The average nutrient content per teaspoon of carbohydrate sweeteners
*Not a significant source of calories from fat, saturated fat, cholesterol, dietary fiber, vitamin A, vitamin C, calcium and iron.
Light corn syrup is a mixture of corn syrup and high fructose corn syrup (to provide increased sweetness) and is flavored with salt and vanilla. Vanilla gives extra smoothness and richness to the flavor. The term "light" in this case refers to the color – it is clear and colorless, and not the number of calories. Many consumers refer to light corn syrup as "white" corn syrup.
Dark corn syrup is a mixture of corn syrup and a small amount of refiners' syrup (a cane sugar product with a molasses-like flavor). Caramel flavor, sodium benzoate (a preservative), salt, and caramel color are added. Dark corn syrup has a rich brown color and a more robust flavor.
Light and dark corn syrups perform similarly in recipes and can usually be used interchangeably, but the choice may be guided by personal preference. An equal amount of corn syrup can be substituted for honey or molasses in most recipes. Recipes using corn syrup will be less sweet, and the finished products will have different flavor characteristics.
I found on a brewing site (http://beta.byo.com/mrwizard/751.html) the following: “When substituting brewing ingredients in recipes it is much easier to base your conversion on weight, not on volumetric measurements such as cups, because ingredient densities, especially those of malt, vary quite a bit.”
And then on another page (http://beta.byo.com/mrwizard/809.html) I found this: “Honey contains about 25 percent water and 75 percent solids and corn sugar contains about 98 percent corn sugar and 2 percent water. I like to convert ingredient figures into the easiest to use number for ease of calculation. In this case, 1 cup of honey contains about 0.75 cup of dry solids, mainly sugars, and 1 cup of corn sugar contains 0.98 cup of dry solids. This means you need to use 1.31 cups (0.98/0.75) of honey to equal 1 cup of corn sugar.”
Still on the last page listed above: “The dry solids basis is handy for evaluating brewing raw materials because dry solids increase the specific gravity of water when they are dissolved. Suppose you had some unusual sugary liquid and wanted to use it as an ingredient and had the same question. What I would do is read the nutritional label and find out how many grams of carbohydrate are contained in the serving size listed on the label. Suppose there are 17 grams of carbohydrate per 28 gram serving. This equates to 61 percent carbohydrate. Assuming there is not much protein, this number represents the amount of solids in the ingredient. This mystery ingredient would require 1.61 cups to equal 1 cup of corn sugar.”

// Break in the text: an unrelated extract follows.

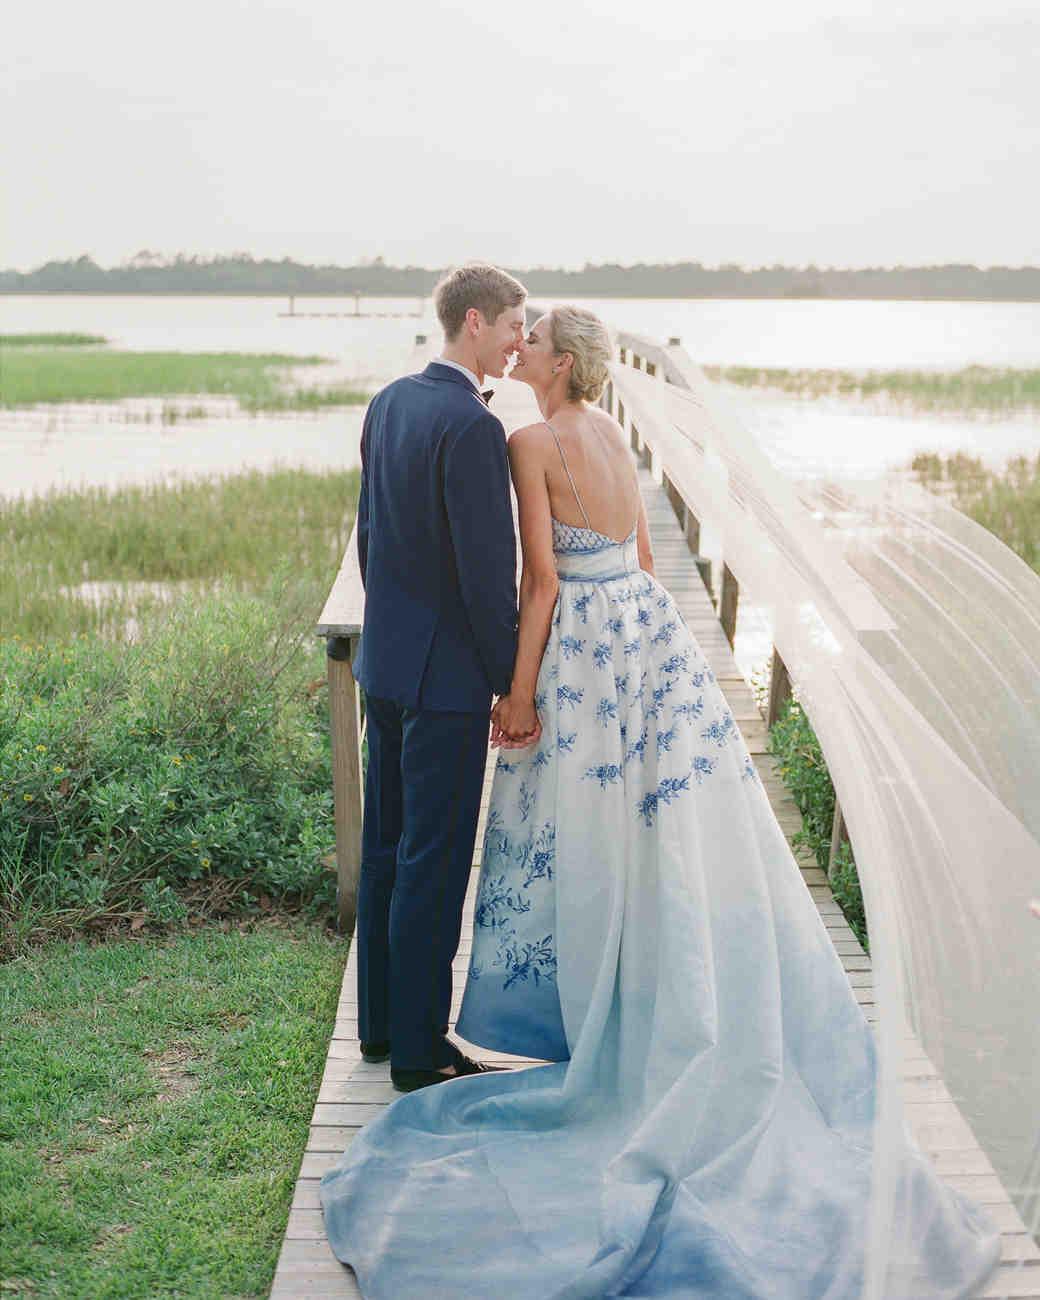 Colorful Wedding Dresses We Love

So going by this, I would look at my Light Corn Syrup label and find the carbohydrates. So I see “Total Carbohydrates 32g. (Sugars 12g),” but the serving size is in milliliters and not grams (Serving Size 2 Tablespoons [30ml]). I figured that should weigh 2 tablespoons of the light corn syrup to find out the weight – no big deal. The weight came to 38g per 2 Tablespoons of the light corn syrup. So according to the instructions above, I figure that I would have to use about 1.17 cup of light corn syrup to equate 1 cup of sugar.
I must say that I never expected to learn so much just by trying to figure out how much corn syrup I should use for my brewing. I hope this was of help and/or interest to you.